*** RECORDS TO PROCESS Section Begins ***
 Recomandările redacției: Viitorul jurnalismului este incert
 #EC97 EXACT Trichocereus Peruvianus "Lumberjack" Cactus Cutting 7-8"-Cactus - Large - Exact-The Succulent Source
*** RECORDS TO PROCESS Section Ends ***
*** RECORDS TO PROCESS Section Begins ***
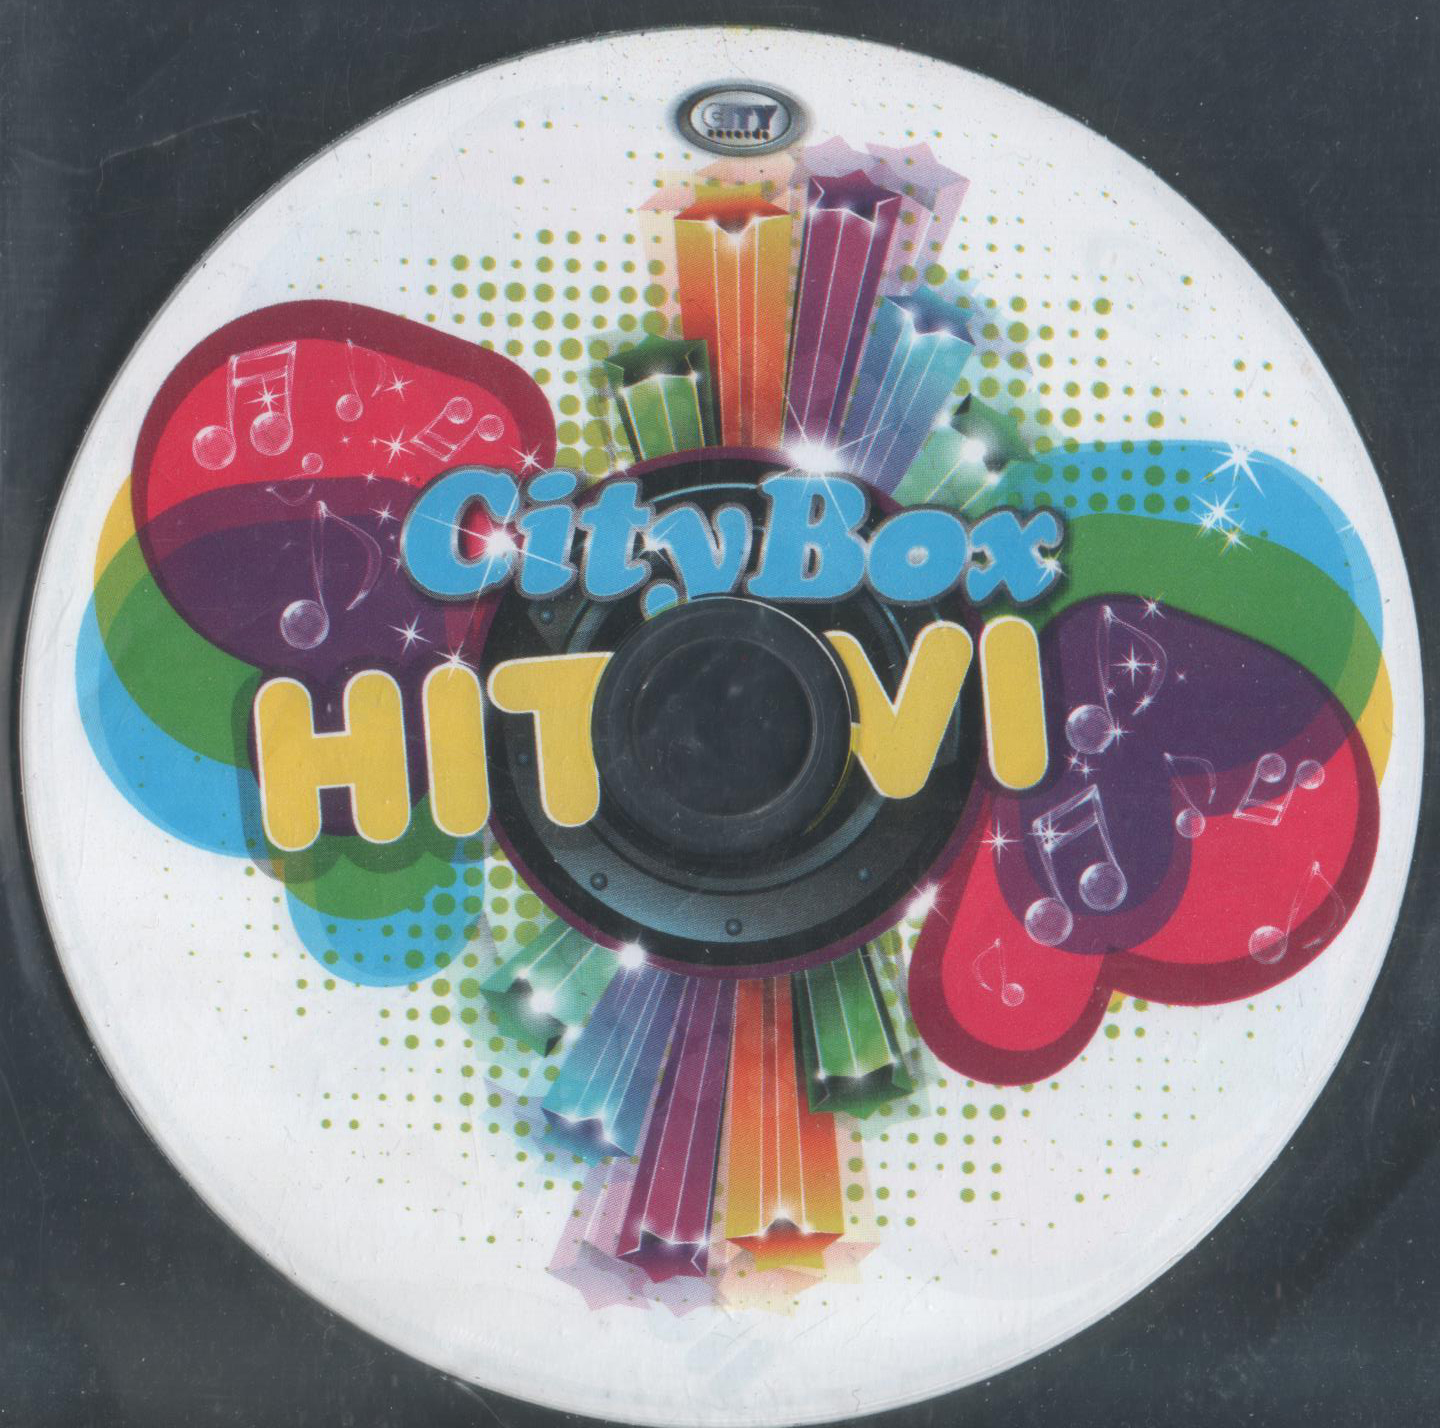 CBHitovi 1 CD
*** RECORDS TO PROCESS Section Ends ***
WHAT YOU ARE ASKED TO DO: Your answer should be the lines above, from the line containing "Recomandările redacției: Viitorul" up to and including the line containing "#EC97 EXACT Trichocereus", reproduced exactly and with nothing else.

WRITTEN RESPONSE:
 Recomandările redacției: Viitorul jurnalismului este incert
 #EC97 EXACT Trichocereus Peruvianus "Lumberjack" Cactus Cutting 7-8"-Cactus - Large - Exact-The Succulent Source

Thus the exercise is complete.